The Pil occurrence is located on the east side of Jock Creek, 5.5 kilometres west of The Pillar and south of the Toodoggone River. Smithers is 280 kilometres to the south.

Regionally, the area is situated within a Mesozoic volcanic arc assemblage, which lies along the eastern margin of the Intermontane Belt, a northwest-trending belt of Paleozoic to Paleogene sediments, volcanics and intrusions bounded to the east by the Omineca Belt and to the west and southwest by the Sustut and Bowser basins.

Permian Asitka Group crystalline limestones are the oldest rocks exposed in the region. They are commonly in thrust contact with Upper Triassic Stuhini Group andesite flows and pyroclastic rocks, and marine sedimentary and volcanic rocks of the Lower to Middle Jurassic Hazelton Group. These rocks have been intruded by plutons and other bodies of the mainly granodiorite to quartz monzonite Early Jurassic Black Lake Suite and are in turn unconformably overlain by or faulted against Lower Jurassic calc-alkaline volcanics of the Toodoggone Formation (Hazelton Group).

The dominant structures in the area are steeply dipping faults that define a prominent regional northwest structural fabric trending 140 to 170 degrees. In turn, high-angle, northeast-striking faults (approximately 060 degrees) appear to truncate and displace northwest-striking faults. Collectively these faults form a boundary for variably rotated and tilted blocks underlain by monoclinal strata.

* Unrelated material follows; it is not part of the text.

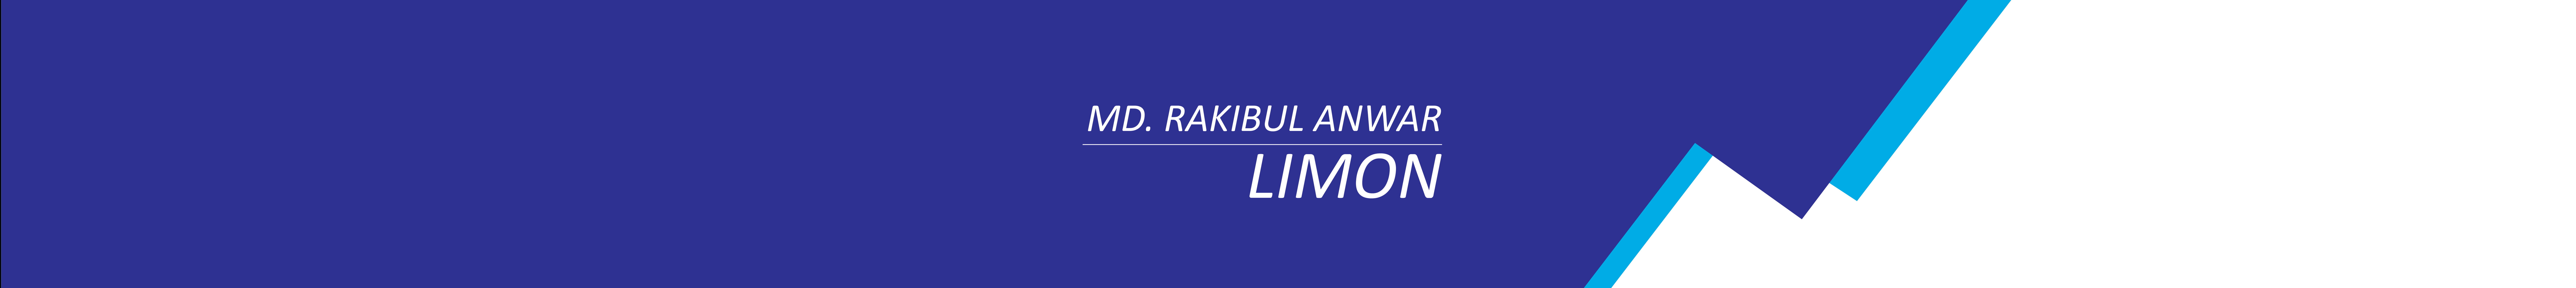 Bannière de profil de Md Rakibul Anwar (Limon)
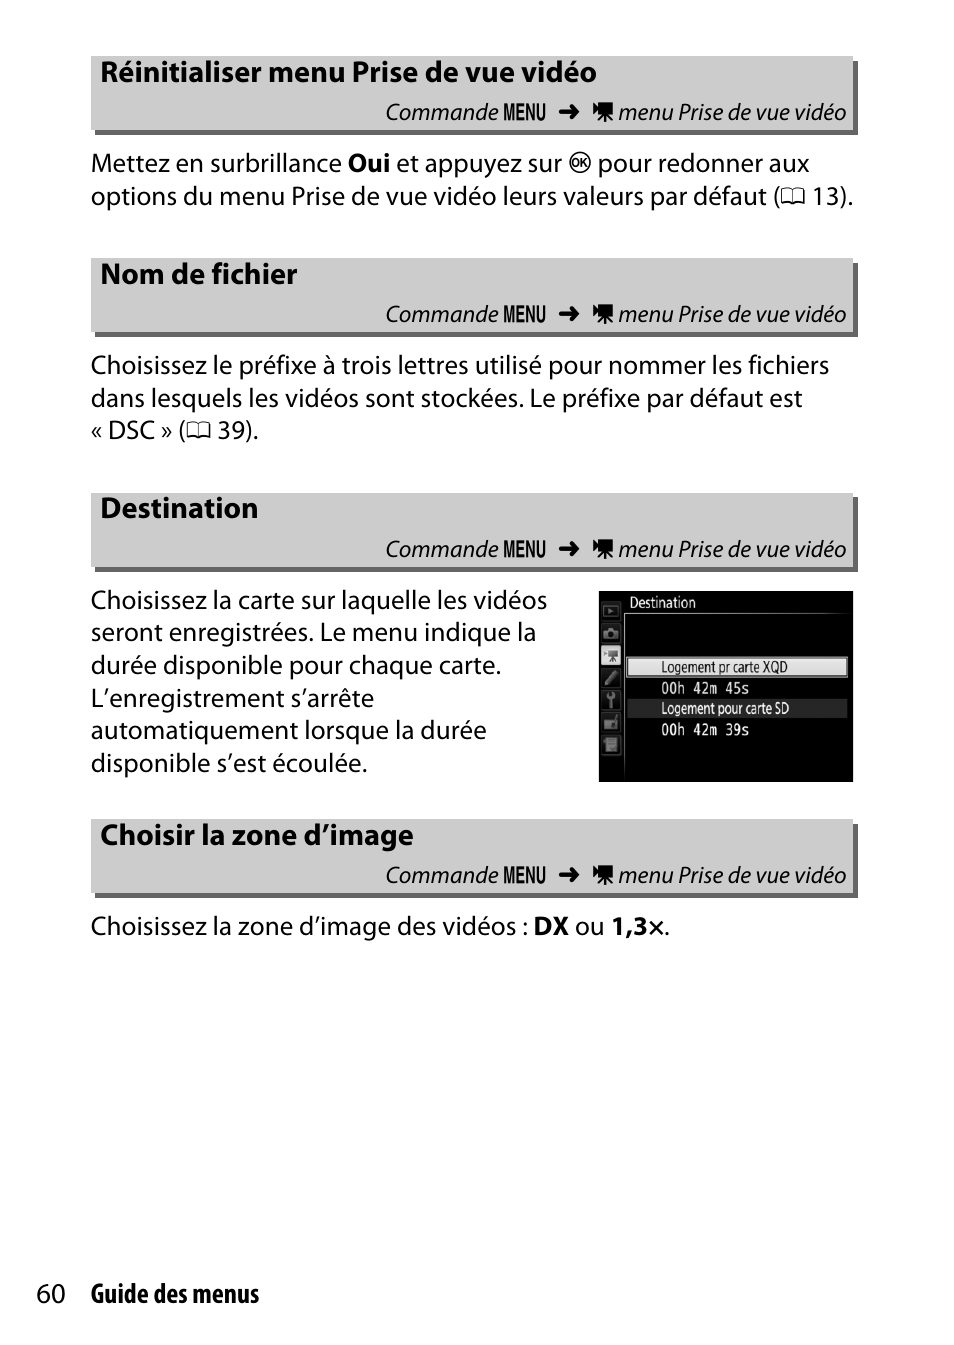 Réinitialiser menu prise de vue vidéo, Nom de fichier, Destination | Choisir la zone d’image, D’image | Nikon D500 Manuel d'utilisation | Page 60 / 207

Locally, an elliptical, granite to quartz monzonite stock approximately 2.5 kilometres long (north-south) by 1.25 kilometres wide intrudes andesite flows and pyroclastics, mainly tuffs, and minor argillite of the Hazelton Group. The Hazelton Group is also intruded by quartz feldspar porphyry dikes and is undifferentiated on a regional scale at this location.

The volcanic rocks are highly fractured, altered and impregnated with pyrite near the contacts of the intrusion. Alteration of the granite consists of chlorite and sericite developed locally, and intense fracturing is generally absent. Mineralization consists of local disseminations of chalcopyrite within altered portions of the granite intrusion.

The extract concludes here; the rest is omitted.